Code merge access control capability

Code scan combined with CodeReview summary landing

When the above tasks are gradually completed, the time of waiting for each other in the delivery of business value in batch delivery can be eliminated, and the vehicles can also be guaranteed to run faster and more stable on the highway of continuous delivery.

5.2 Vehicle performance improvement

Front vehicle inspection can be said to be the inspection and assurance of vehicles before they hit the road, moving quality assurance means left to the development stage.

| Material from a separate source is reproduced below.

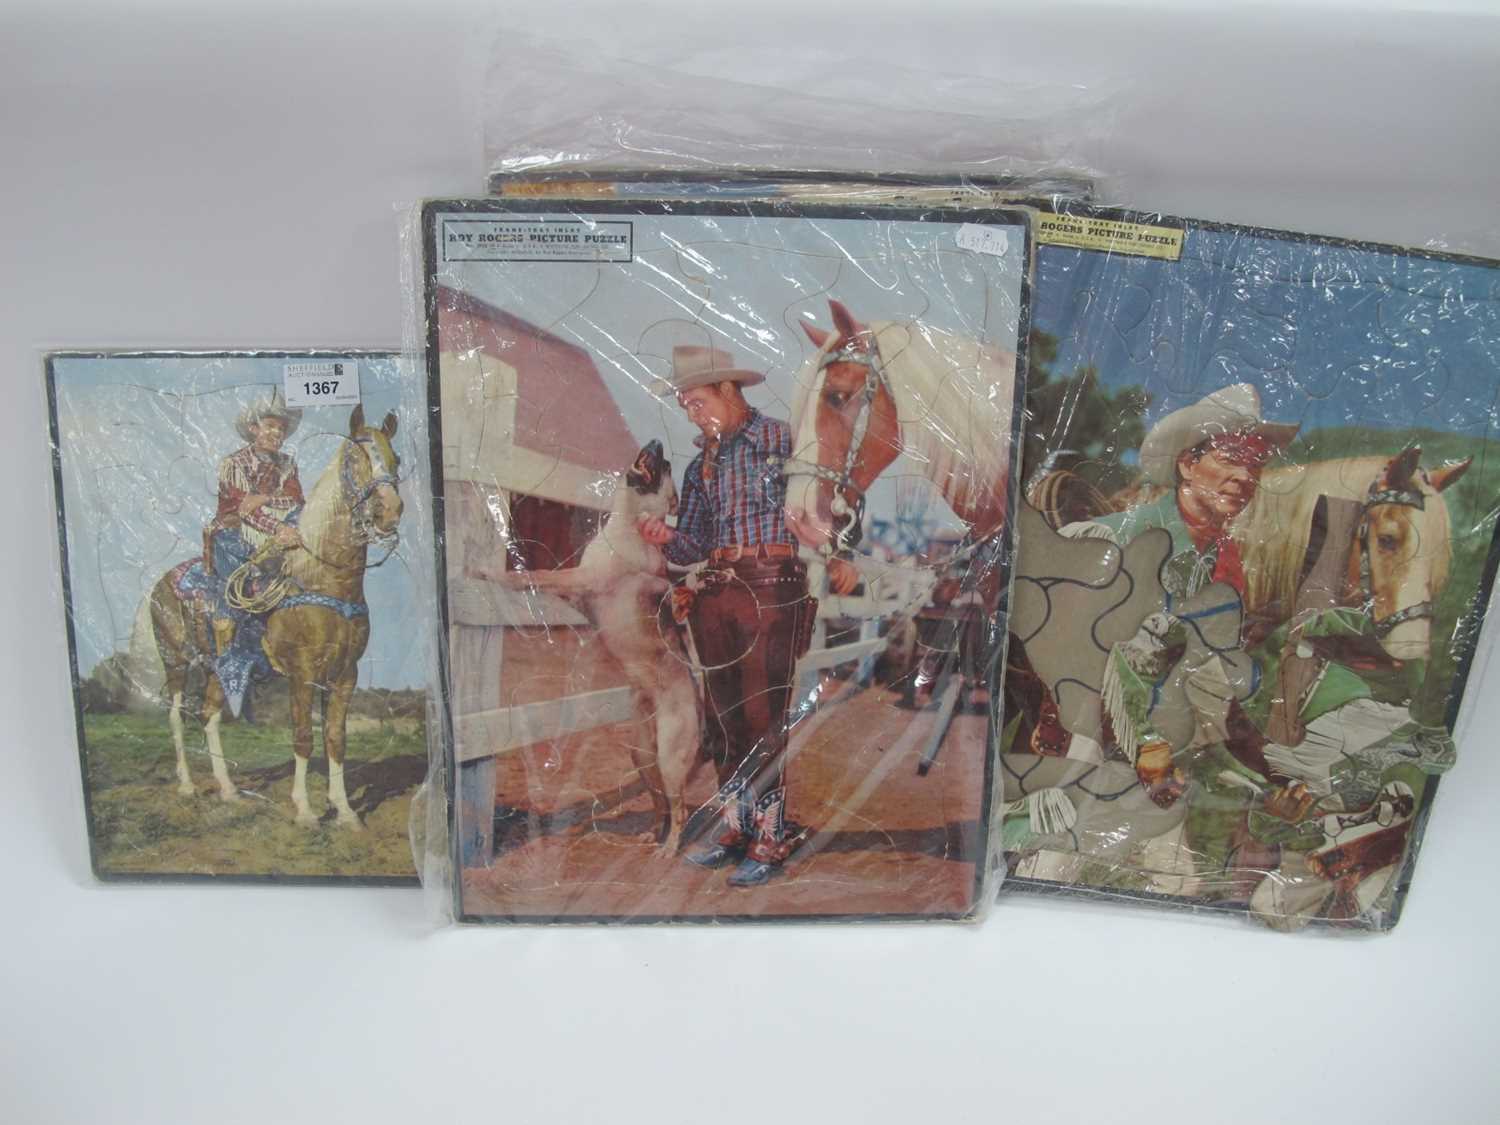 Roy Rogers Picture Puzzles, 'Frame-Tray Inlay' by Whitman Publishing, USA, 38 x 29cm, another
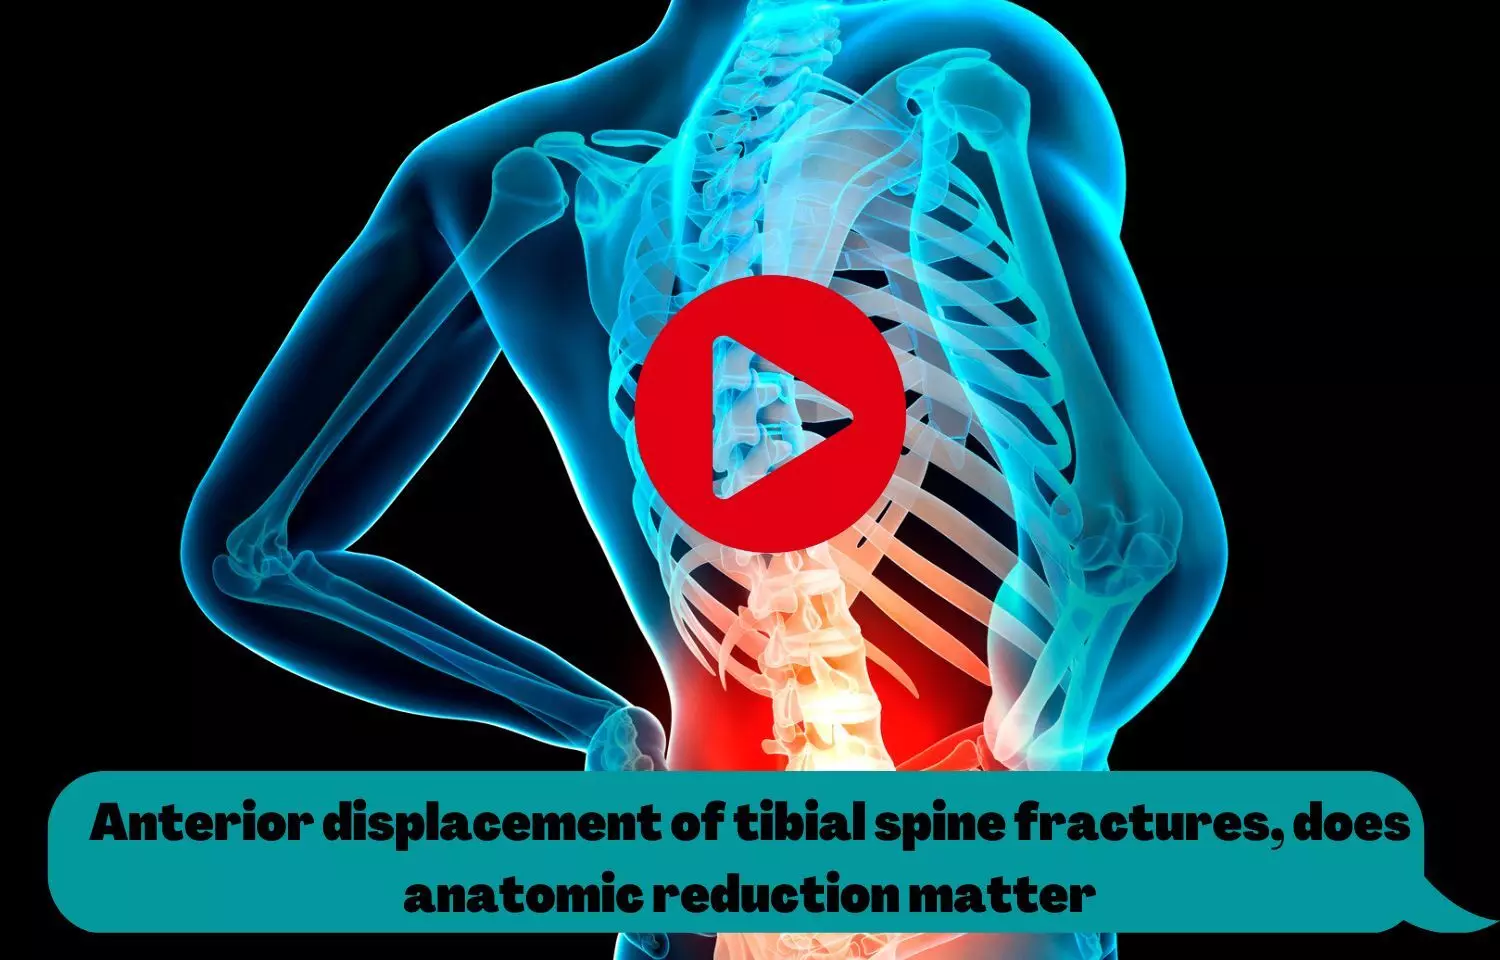 Anterior displacement of tibial spine fractures, does anatomic reduction matter

On the other hand, we hope that through the method of vehicle performance improvement, after the vehicle hits the road, it can make the vehicle drive faster and raise the upper limit of speed.

Vertical test ability to improve accurate regression: through sensing code changes, deduce the Case affected by code changes, making quality assurance more accurate and less time-consuming

Scene coverage: combined with online traffic playback, the code coverage and scene coverage are used to check and fill gaps, so as to make quality assurance more complete

Problem location: combined with failure cases, quickly conduct problem location and feedback

Simultaneous ability: Based on the Case platform of Yunge, I strengthened the simultaneous writing ability of test code and R&D code through interface definition, and explored how to reduce the cost of Case writing and maintenance

Reduce data interference: Based on high frequency, isolation and disposable theoretical practices, reduce data interference in everyday environments and make quality assurance more effective

Big data analysis combined with online data mining:

Online log analysis was used to produce online real scene models, which reduced the time consuming of corpus preparation on the pressure measurement platform, and achieved accurate and efficient scene screening

Big data application:

Combining online real scenes and scene coverage, the offline regression Case set is constructed to reduce the maintenance cost of business regression Case, improve Case efficiency, and quickly locate problems

Using scene playback and recording playback intermediate products to solve the problem of scene construction in single test

Along with the continuous delivery of fast-track, completing expectations by continuous delivery system as an opportunity to dig in multiple longitudinal dimension, and improve the continuous delivery system, finally in earlier (fast) under the premise of delivering business value, can have higher quality and lower labor costs, to ensure that the market competition advantage, Let Gaode in the fierce competition advantage more obvious.